Knockdown of TRAF6 blocks the growth of A431 cell-derived tumors in a xenograft mouse model.

a, b sh-Mock or sh-TRAF6 #1,2 cells (1 × 106) were injected into the right flanks of female athymic nude mice. The growth of tumors was monitored as described in Materials and methods. The results are shown as mean tumor volume ± S.D., and the asterisk (*) indicates a significant difference (p < 0.05 one-way ANOVA). c Tumor tissues were isolated from nude mice and immunohistochemistry (IHC) was conducted as described in Materials and methods to assess Ki-67 and EGFR expression

TRAF6 regulates EGF-induced signaling pathways through EGFR

Our previous results indicated that TRAF6 promotes Ras (G12V) and EGF-induced cell transformation, as well as a malignant phenotype in A431 cells, thus suggesting that TRAF6 might, to some extent, exert role in EGF pathway. To investigate the details of the role of TRAF6 in the EGFR pathway, we used an EGFR Signaling Antibody Array and found that the expression of total EGFR and p-EGFR was significantly decreased in TRAF6-knockdown HaCaT cells (Fig. 4a). To confirm the effect of TRAF6 on EGF-induced pathways, we assessed the activation of key molecules in TRAF6-knockdown HaCaT cells EGF treatment. The results showed that silence TRAF6-expression attenuated the phosphorylation of EGFR, Stat3 and blocked c-Fos expression in presence of EGF (Fig. 4b). EGFR is known to trans-activate MMPs, such as MMP-2,9[33-35]. Given TRAF6 regulation of EGFR, we next analyzed MMP-2,9 expression in TRAF6-silenced HaCaT cells after EGF treatment. As shown in Fig. 4c, knockdown of TRAF6 suppressed EGF-induced MMP-2,9 expression.

Fig. 4

TRAF6 regulates the EGF-induced signaling pathway through EGFR.
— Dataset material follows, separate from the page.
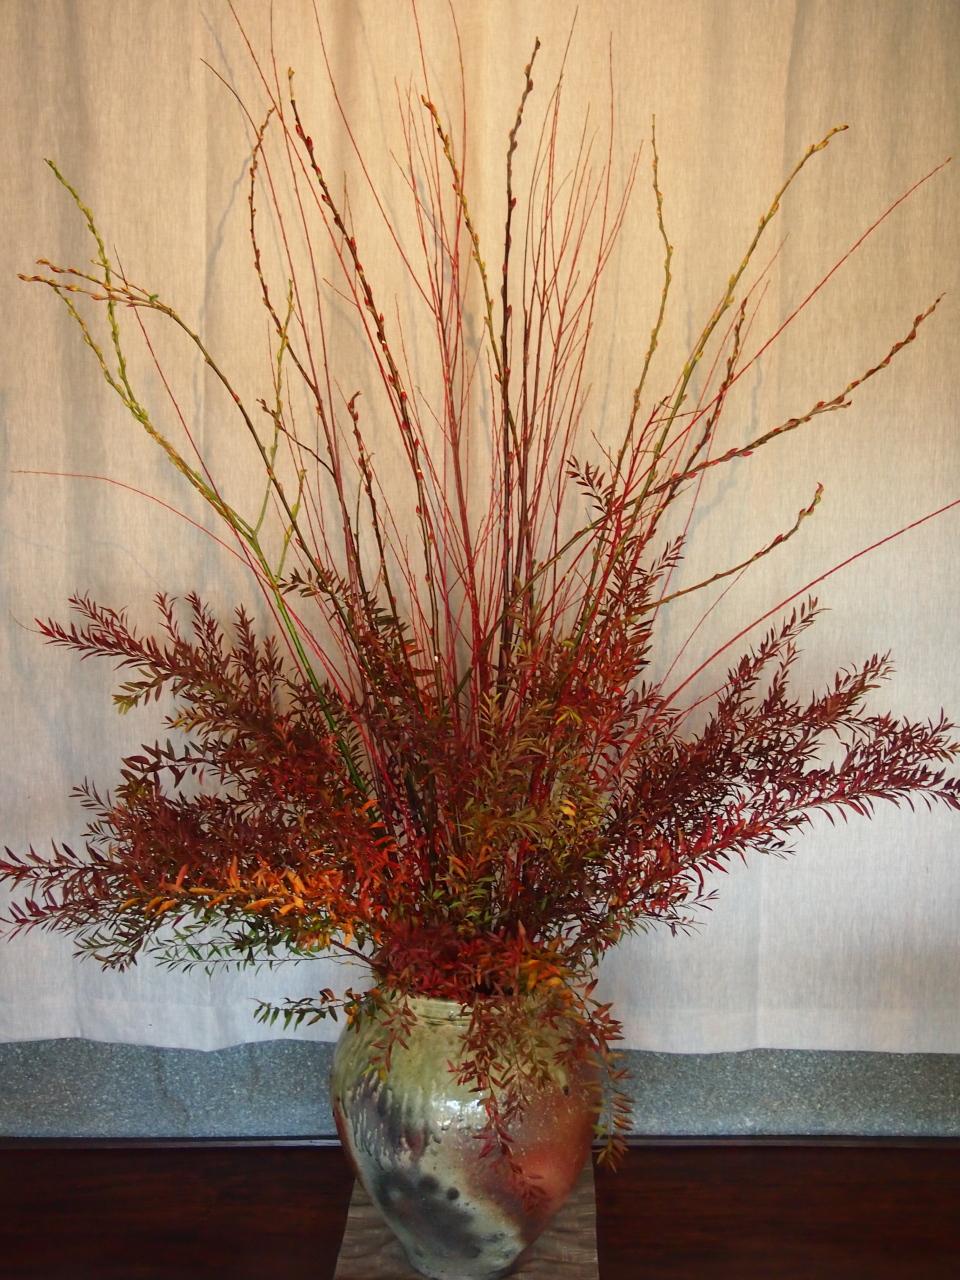 今回は全体が赤い紅葉に染まっています。 これは雪柳。 春先に白い花を咲... Miss桜子のひと
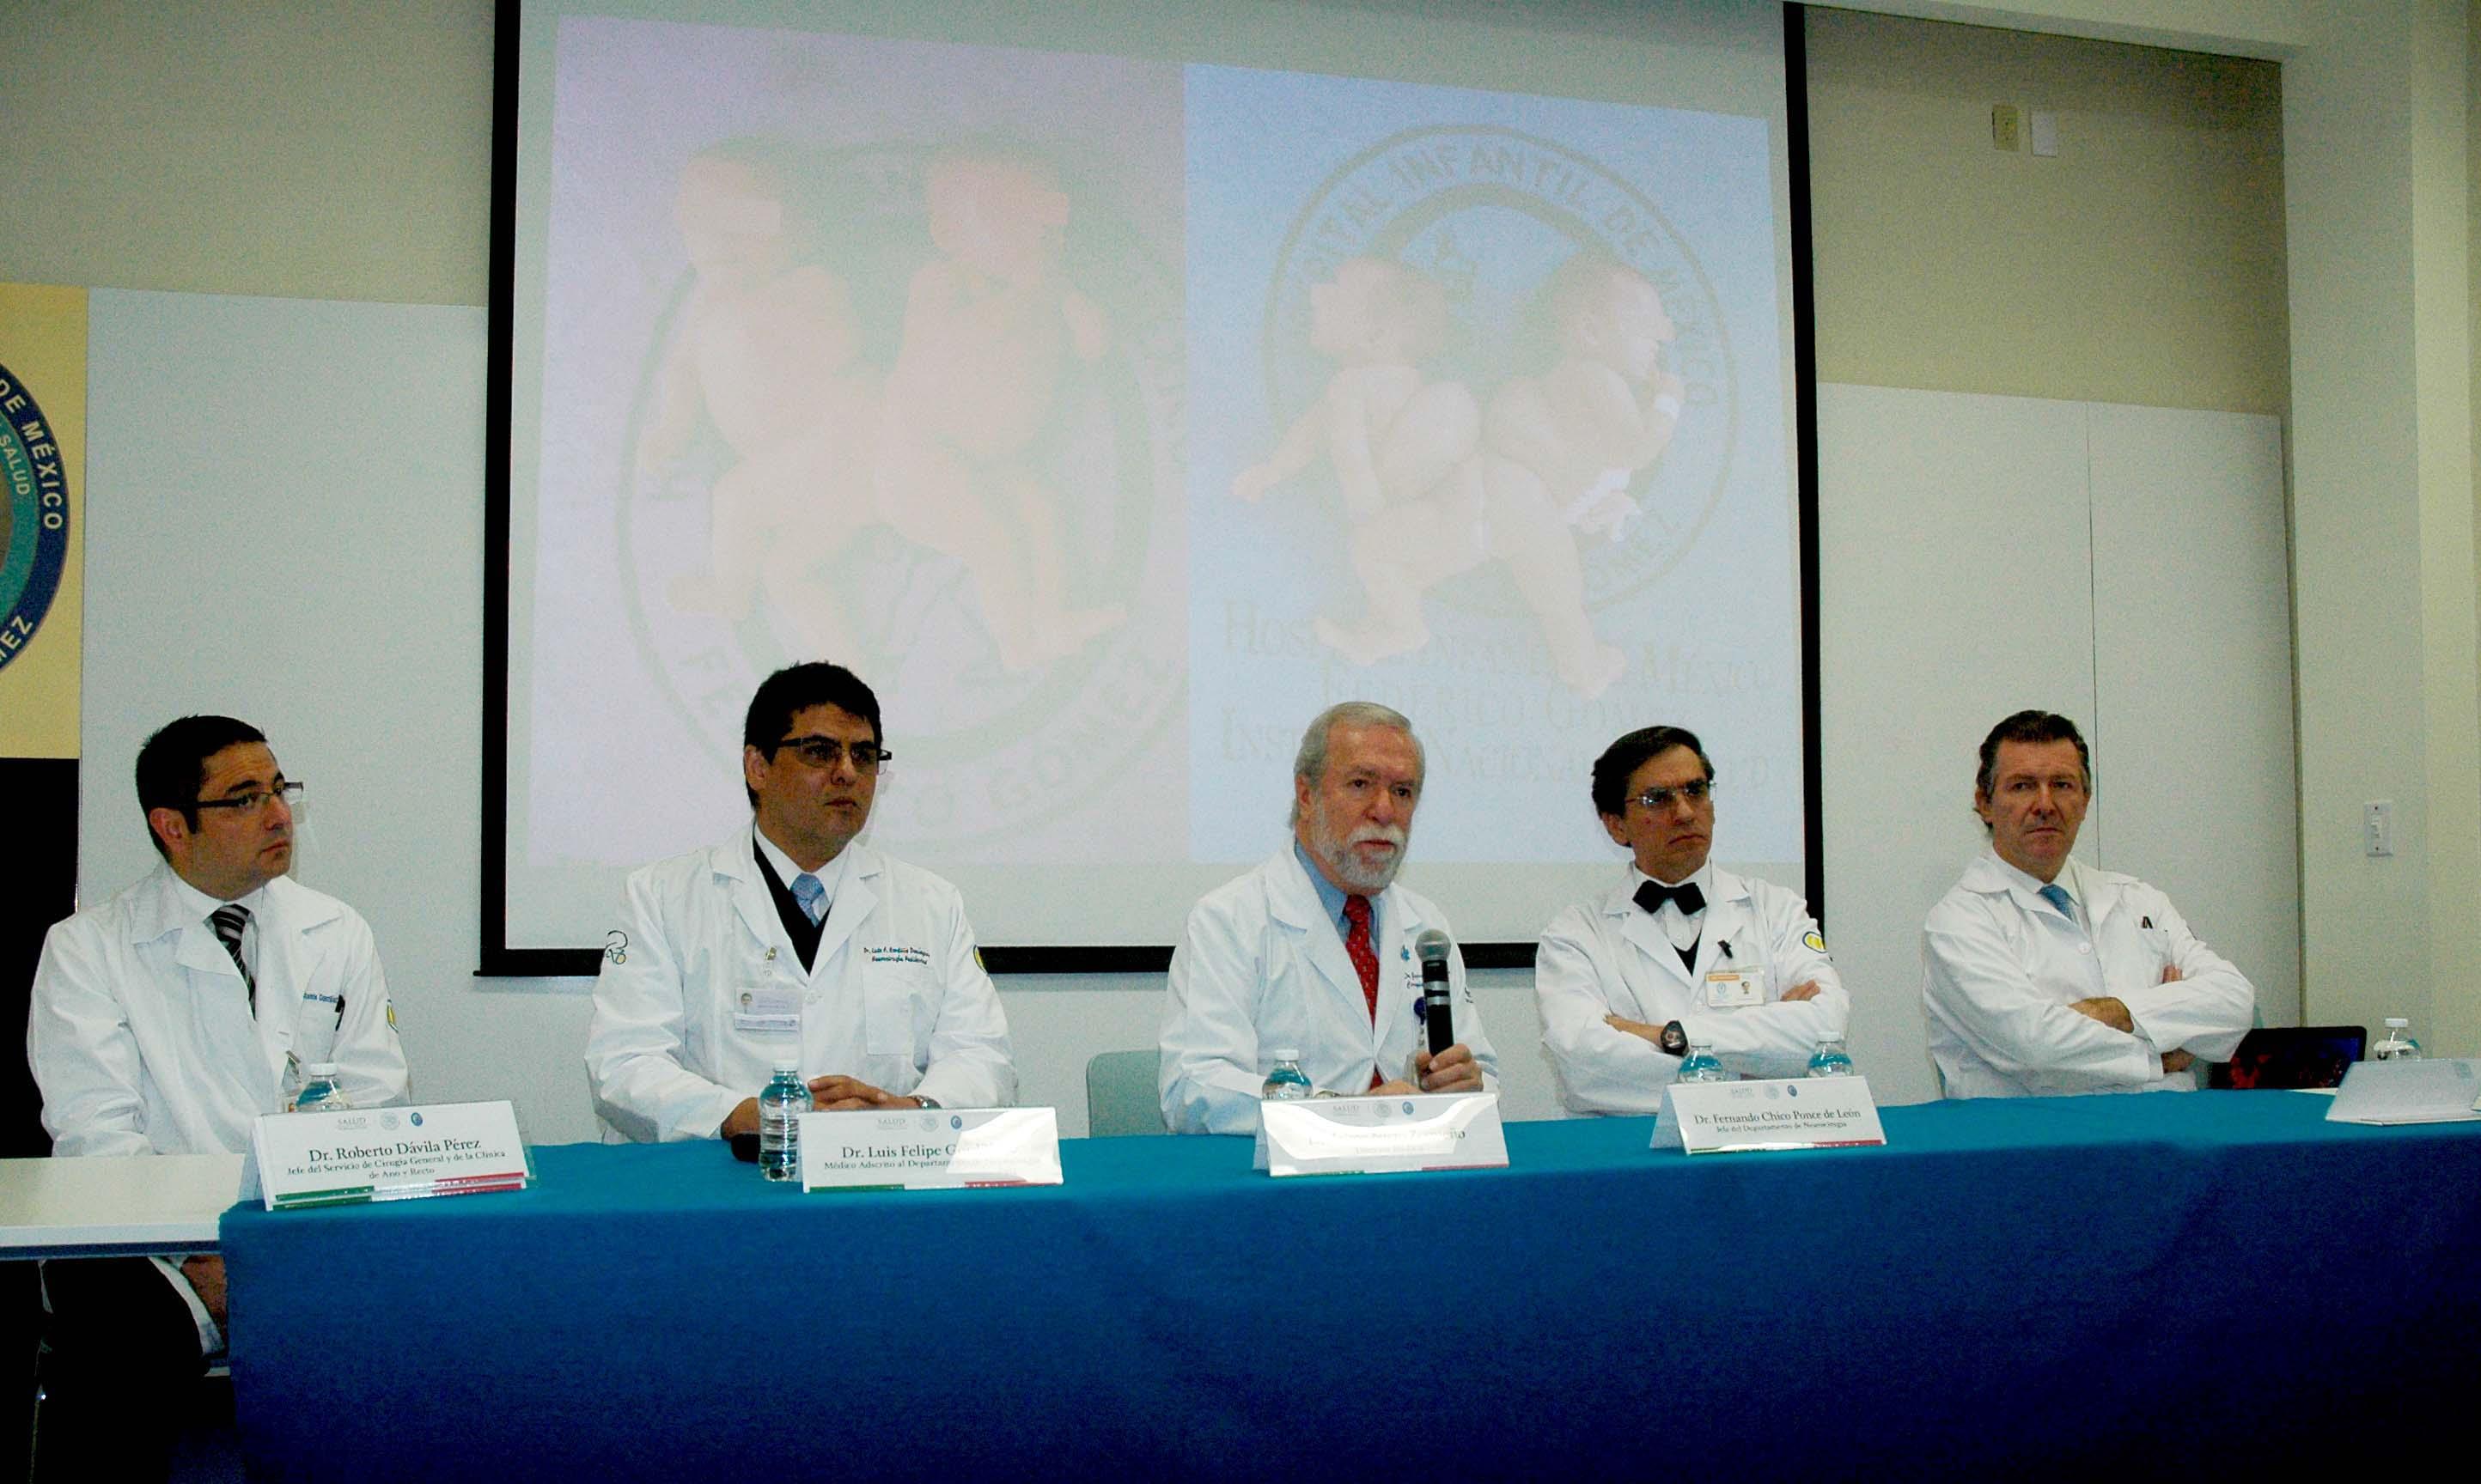 En el Hospital Infantil de México se han llevado a cabo aproximadamente 24 cirugías en los últimos 36 años.

a, b, c Silencing of TRAF6 attenuates p-EGFR and EGFR expression. HaCaT cells expressing sh-TRAF6#1,2 were starved for 36 h and then treated with EGF (100 ng/ml) for 30 min, and a protein array was performed to assess the effect of TRAF6 on the EGFR signaling pathway (a) or cells expressing sh-TRAF6 were starved for 36 h and then treated with EGF (100 ng/ml) for various times, as indicated. Immunoblotting was used to detect protein expression with the indicated antibodies. Anti-β-Actin or Gad were used to verify equal loading of protein (b, c). The histograms indicated relative MMP-2 and MMP-9 expression, as means ± S.D. Significant differences were evaluated using a one-way ANOVA and the asterisk (*) indicates a significant difference (p < 0.05) (lower panel). d TRAF6 regulates AP-1 activity. Flag-TRAF6-WT and Flag-TRAF6-DN cells were transfected with the AP-1-luciferase reporter gene (100 ng), as well as the Renilla luciferase gene (20 ng) for normalization. At 30 h after transfection, the firefly luciferase activity was determined in cell lysates and normalized to the Renilla luciferase activity. Significant differences were evaluated using Student’s t-test, and the respective asterisks indicate a significant difference (p < 0.05) (upper panel). TRAF6-silenced cells were co-transfected with a plasmid mixture containing the AP-1 luciferase reporter gene (0.8 µg) and the Renilla luciferase gene (0.2 µg) for normalization. At 20 h after transfection, cells were starved for 16 h and then treated with EGF (20 ng/mL) for various times, as indicated. Firefly luciferase activity was determined in cell lysates and normalized against Renilla luciferase activity. Significant differences were evaluated using Student’s t-test, and the respective asterisks indicate a significant difference (p < 0.05) (lower panel)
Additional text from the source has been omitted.